This is the home of the shortcut handler binary.
The shortcut handler allows clients to register the keyboard shortcuts they are interested in. If the shortcut manager notices a sequence of keys matching one of the clients' expressed shortcut interests, it notifies the respective client. The client can then execute an action based on the shortcut that was activated.
The clients register through the fuchsia.ui.shortcut2/Registry protocol, by calling Registry.SetView(ViewRef, client_end:Listener), providing its ViewRef and the client end of the fuchsia.ui.shortcut/Listener protocol by which it will receive shortcut notifications.
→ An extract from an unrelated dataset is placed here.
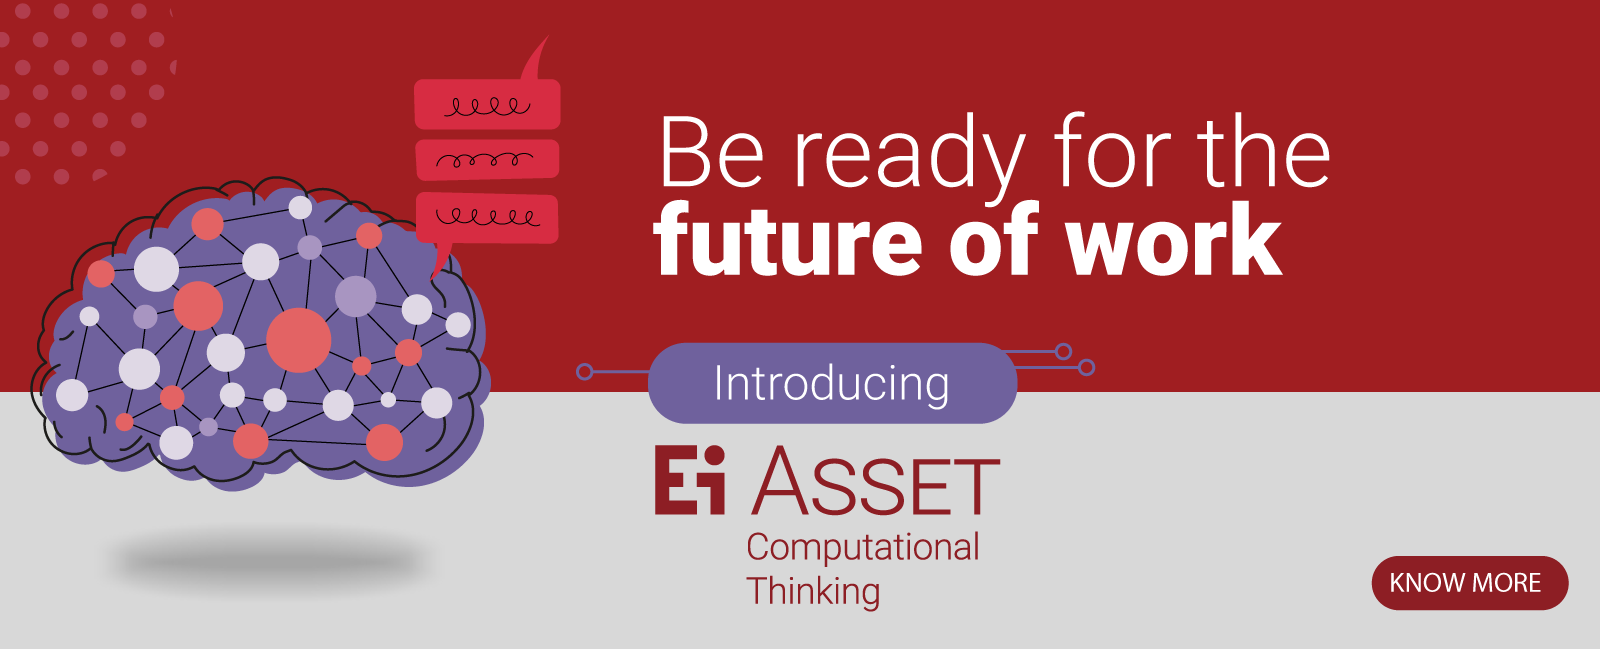 Ei-Study Be ready for the future of work

The ViewRef is necessary for the shortcut manager to understand where in the view hierarchy this particular client is, and this information together with the focus chain information is used to determine which view should receive the focus. The client then calls fuchsia.ui.shortcut2/Registry.RegisterShortcut as many times as needed to define individual Shortcuts.
The shortcut manager does not support arbitrary key sequences as key shortcuts. While this choice does not yield the most universal shortcut support, it is adequate for Fuchsia‘s present needs, and will be evolved as Fuchsia’s shortcut supporting needs evolve.
When registering a shortcut key sequence, the Shortcut API requires the developer to pick a unique 32-bit unsigned integer as a shortcut identifier. This identifier will be sent back via fuchsia.ui.shortcut2/Listener.OnShortcut when the key sequence is recognized. At the moment there is no facility to modify the shortcuts once defined. If clients come about that do require more involved shortcut processing, the shortcut API will need to be evolved too to meet that request.
The shortcut handler itself reacts to two kinds of notifications:
It is notified of keyboard events, through fuchsia.ui.shortcut/Manager.HandleKey3Event. Typically it is the input pipeline that calls into this protocol.
It is notified of the change of focus through fuchsia.ui.shortcut/Manager.HandleFocusChange. This is also typically done by the input pipeline, although at the time of this writing there also exists an unexpected detour via the Ermine shell which should be removed.